The data Block Start
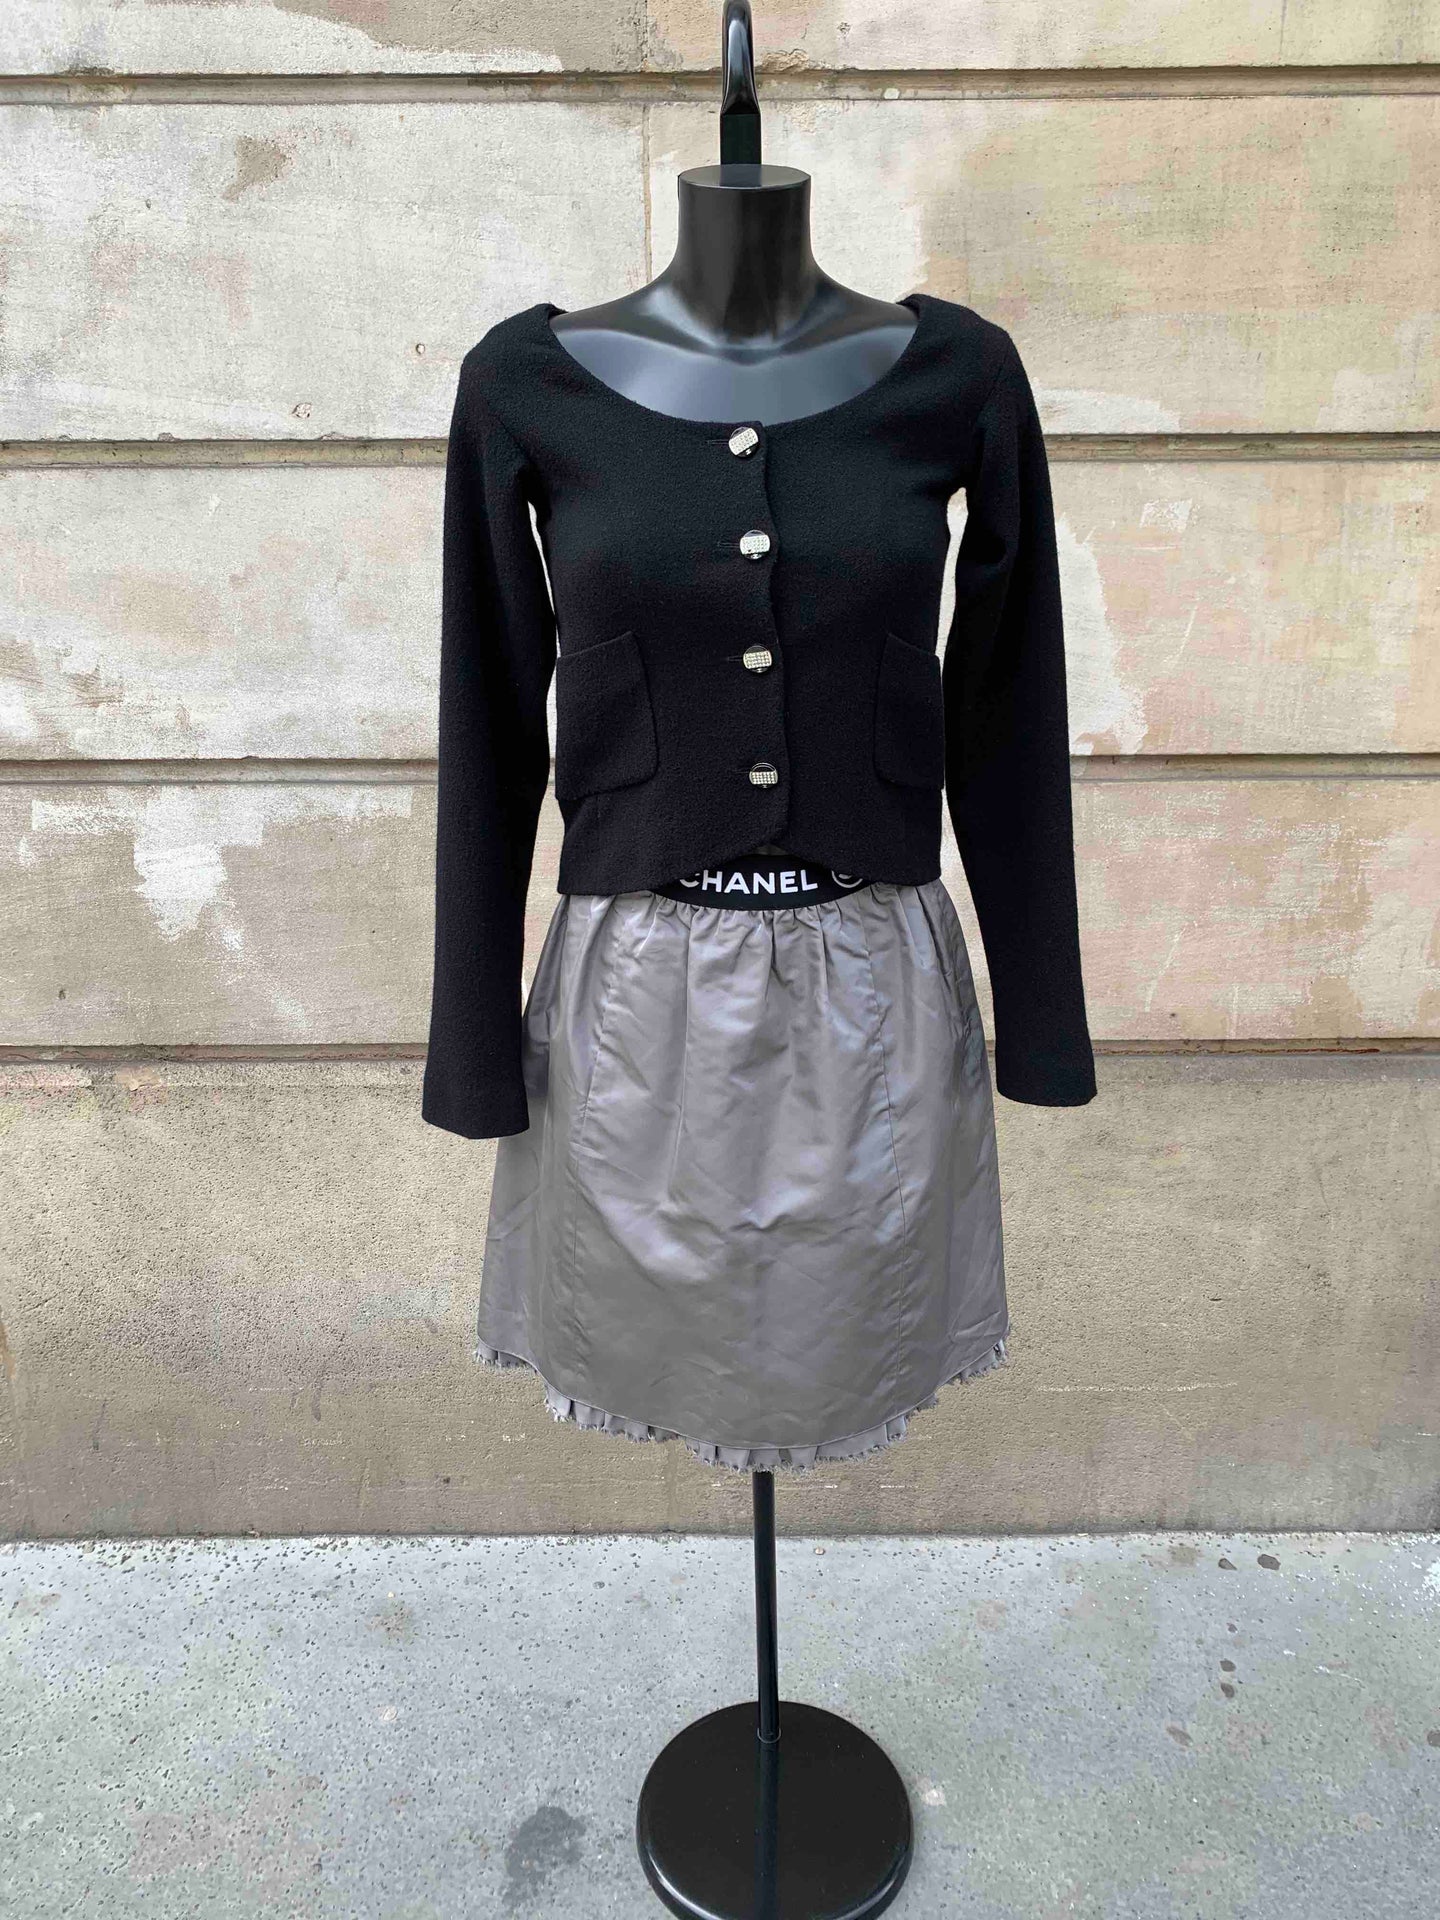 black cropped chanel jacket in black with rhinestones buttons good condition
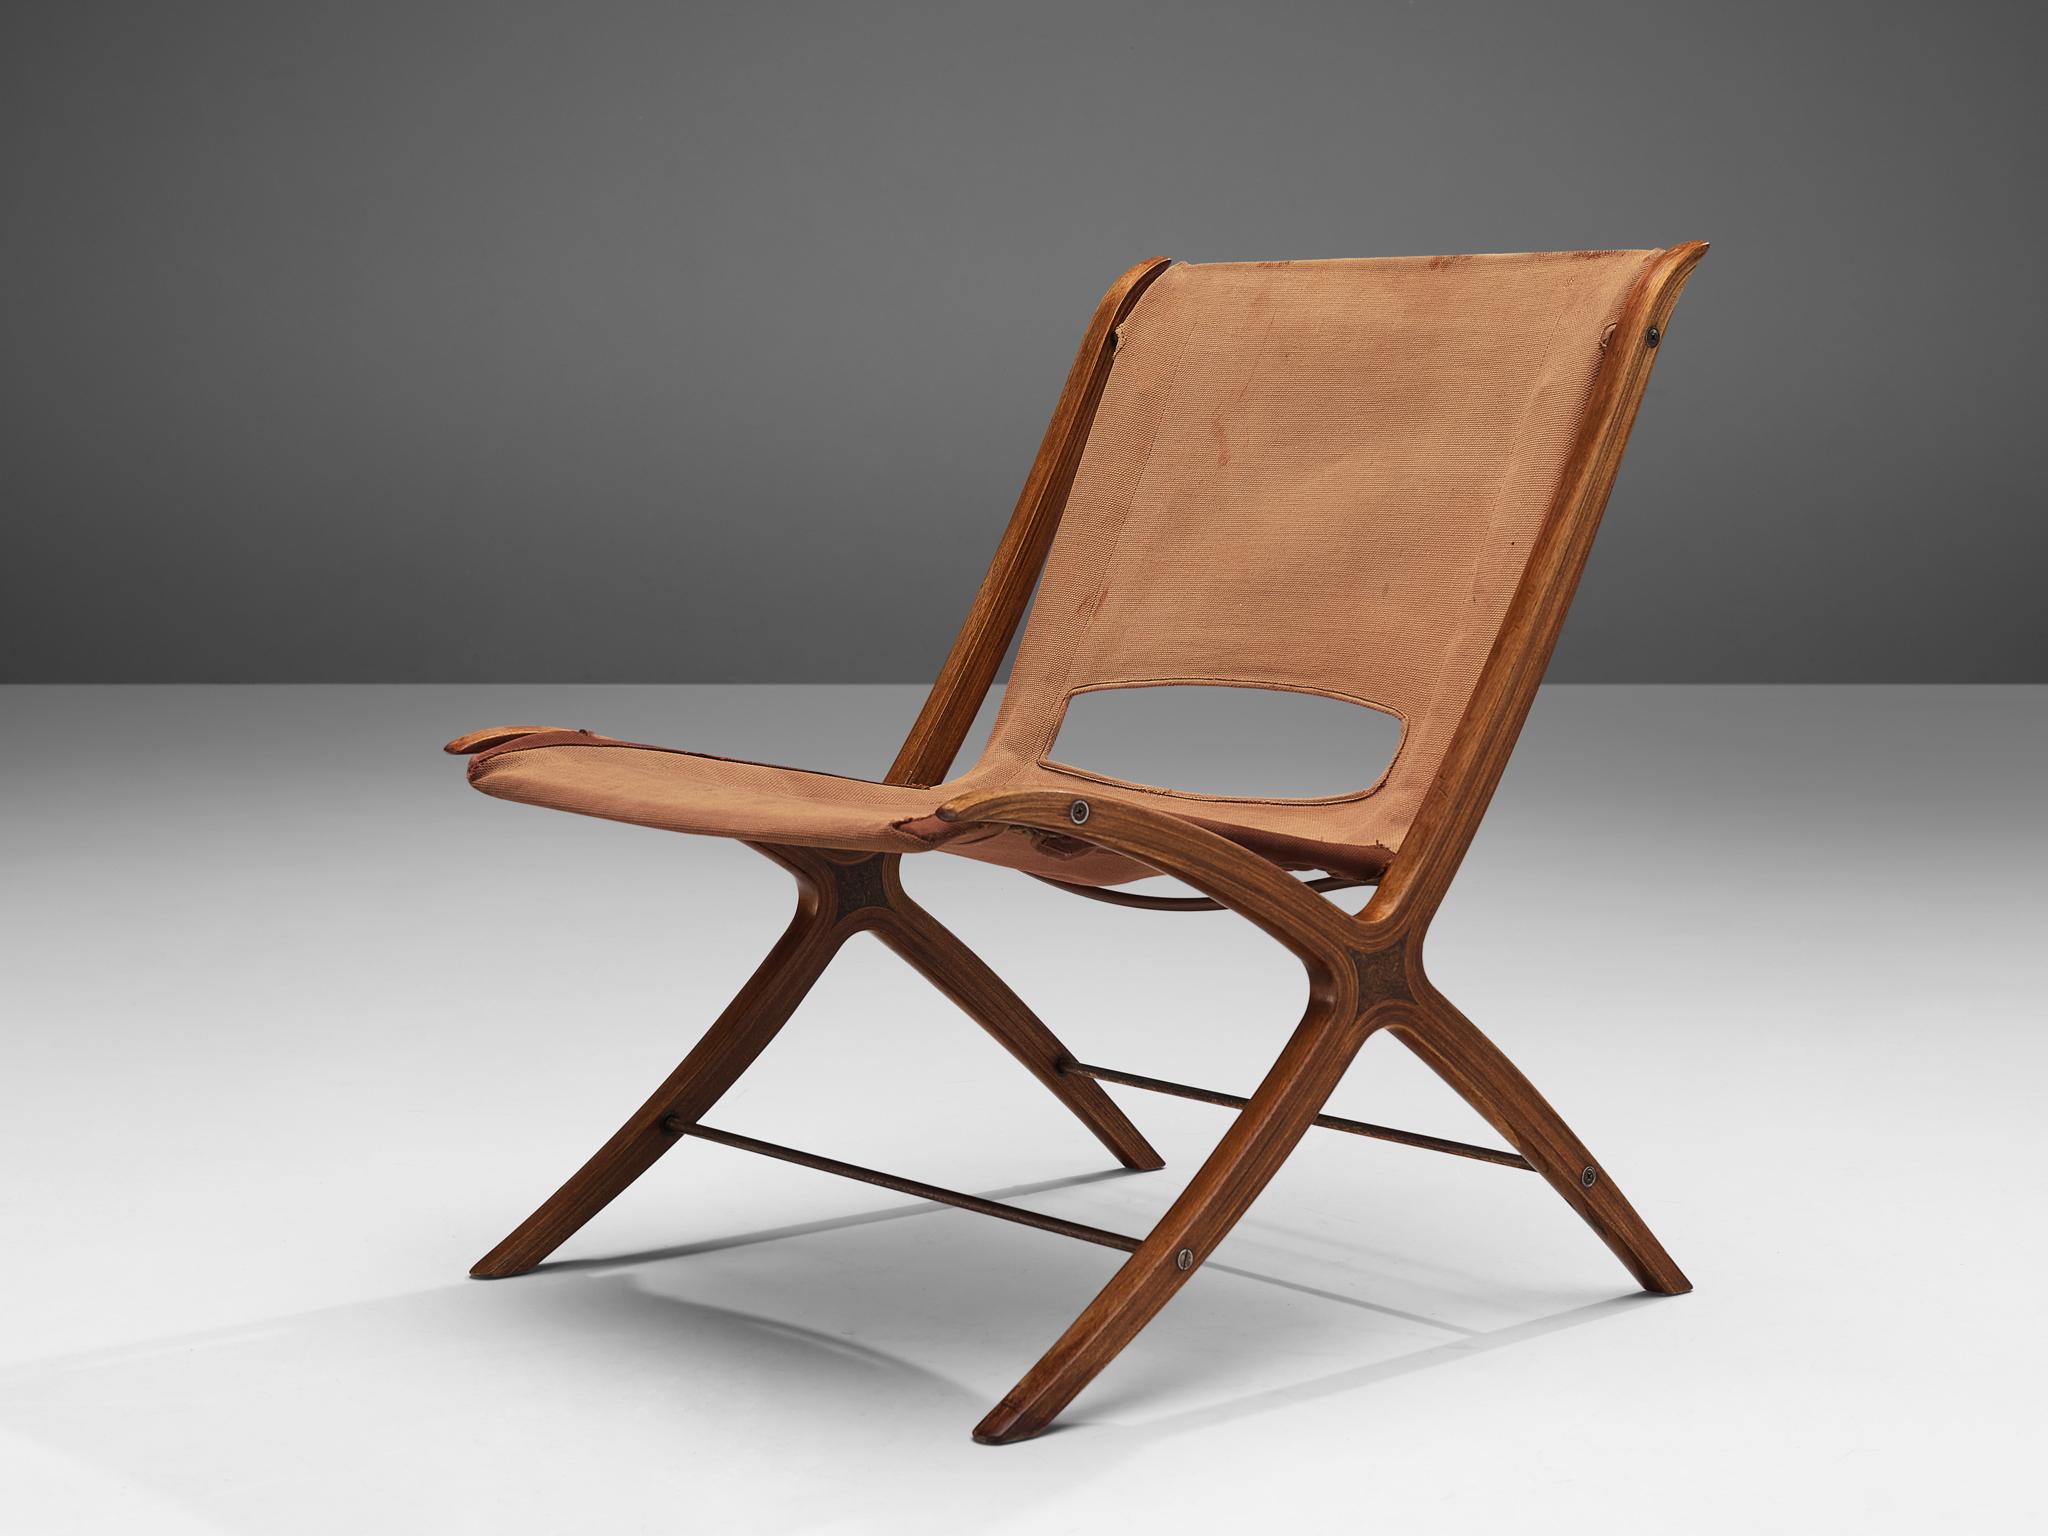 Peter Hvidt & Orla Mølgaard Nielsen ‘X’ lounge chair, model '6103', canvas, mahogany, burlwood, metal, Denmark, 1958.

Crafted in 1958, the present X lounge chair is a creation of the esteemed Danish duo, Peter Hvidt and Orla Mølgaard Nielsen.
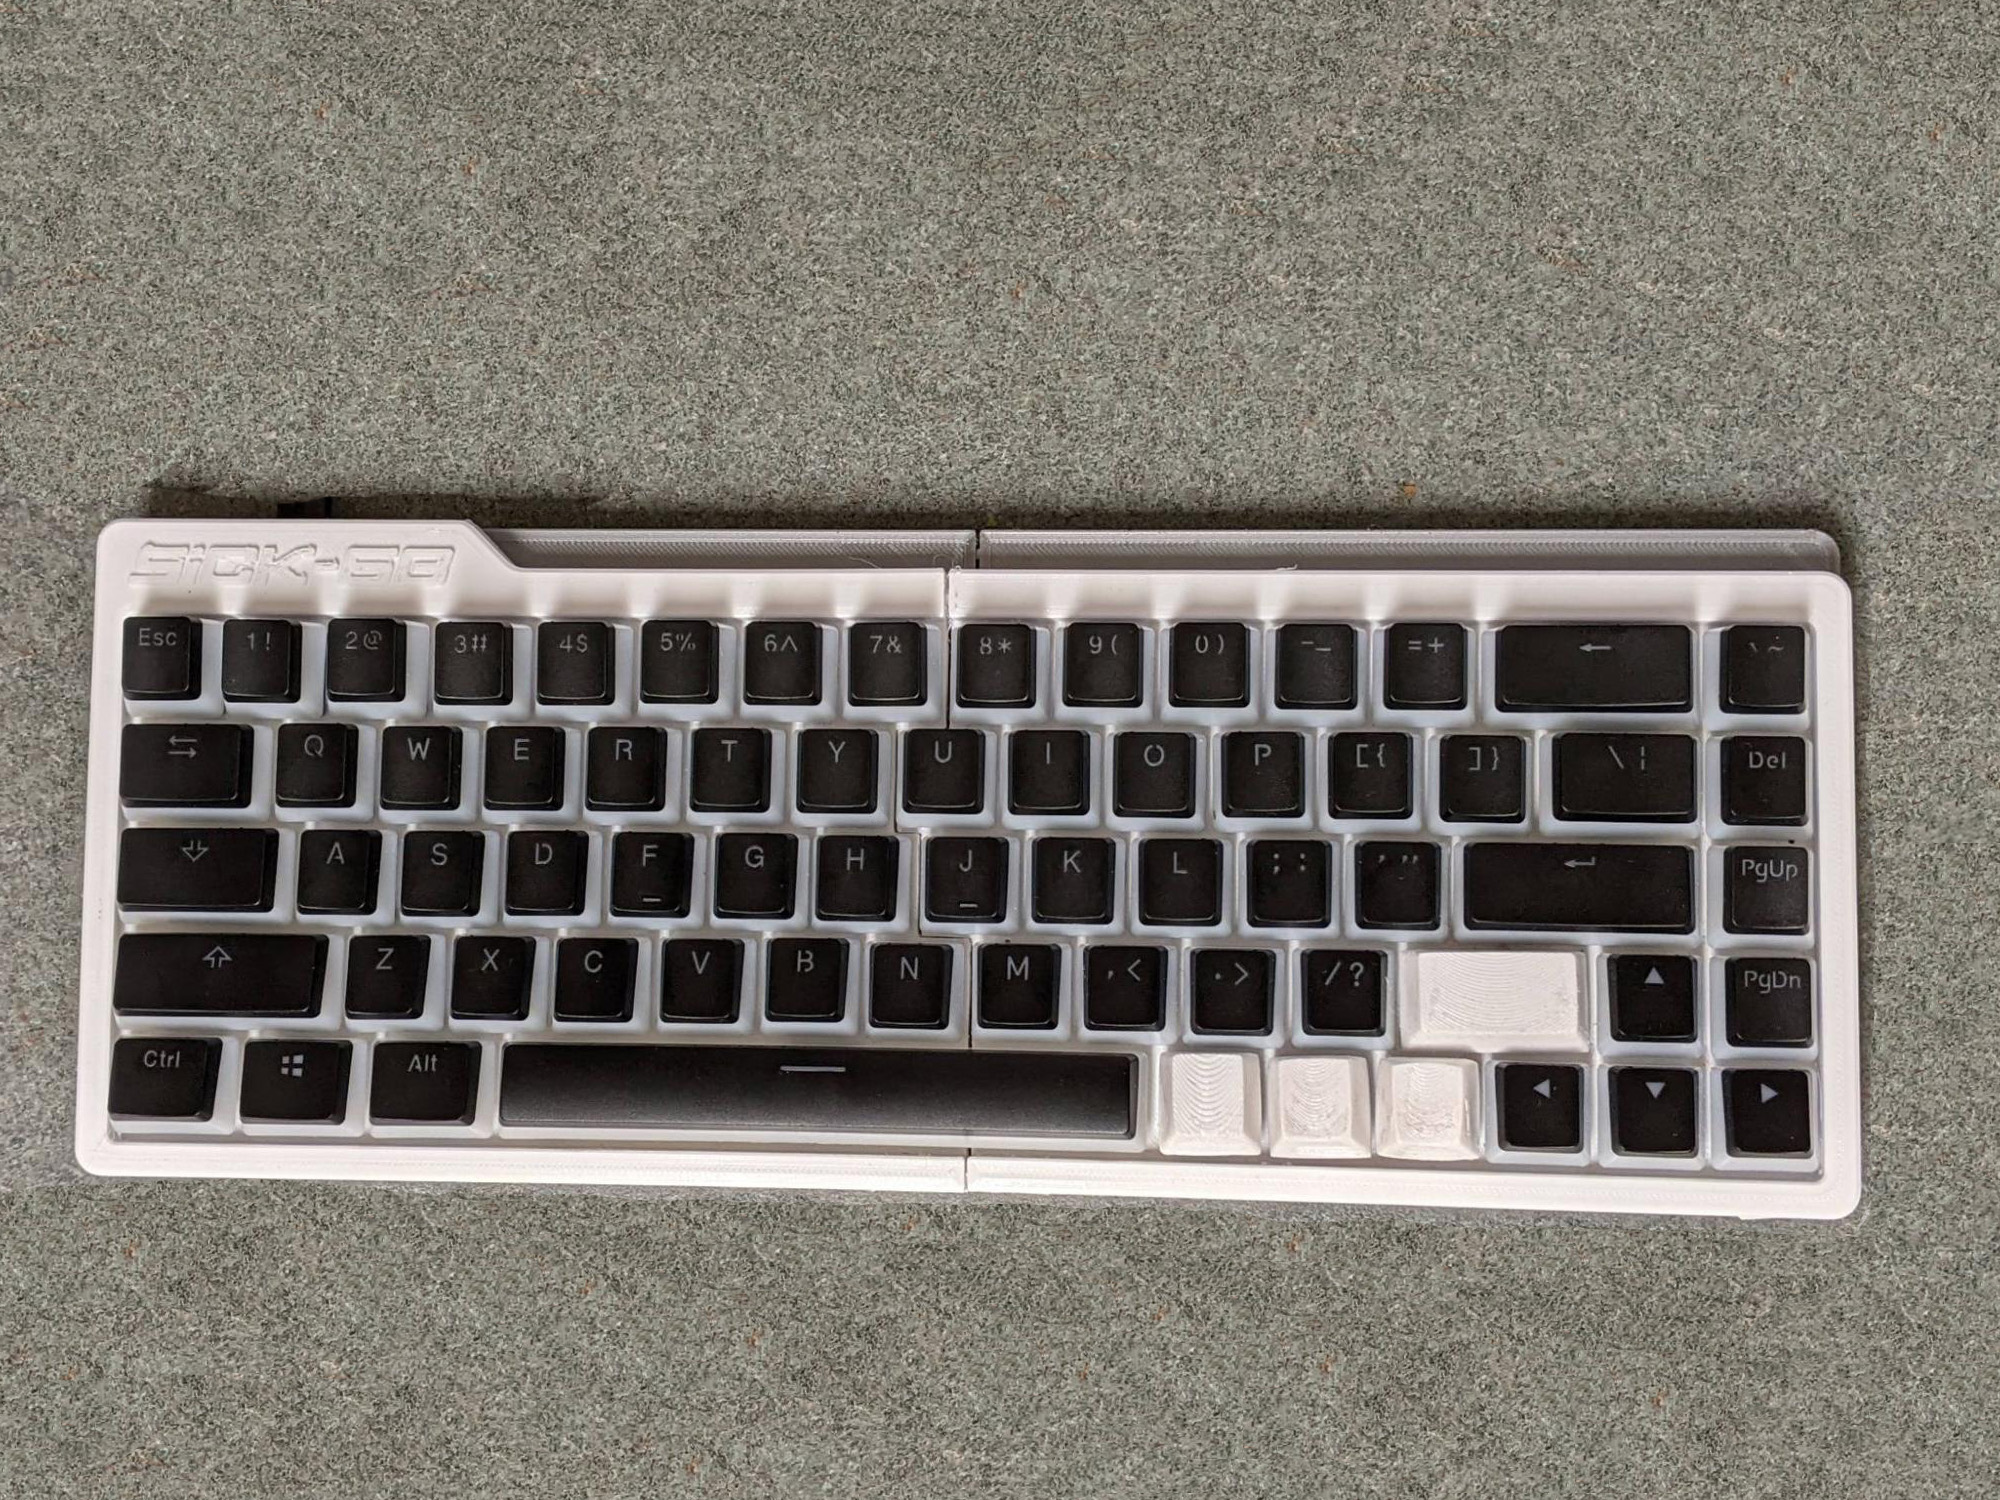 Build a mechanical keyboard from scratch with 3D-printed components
The data Block End
## Task to carry out
The output should be the material above, copied exactly, without its pictures.

## Response to this task
 black cropped chanel jacket in black with rhinestones buttons good condition
 Peter Hvidt & Orla Mølgaard Nielsen ‘X’ lounge chair, model '6103', canvas, mahogany, burlwood, metal, Denmark, 1958.

Crafted in 1958, the present X lounge chair is a creation of the esteemed Danish duo, Peter Hvidt and Orla Mølgaard Nielsen.
 Build a mechanical keyboard from scratch with 3D-printed components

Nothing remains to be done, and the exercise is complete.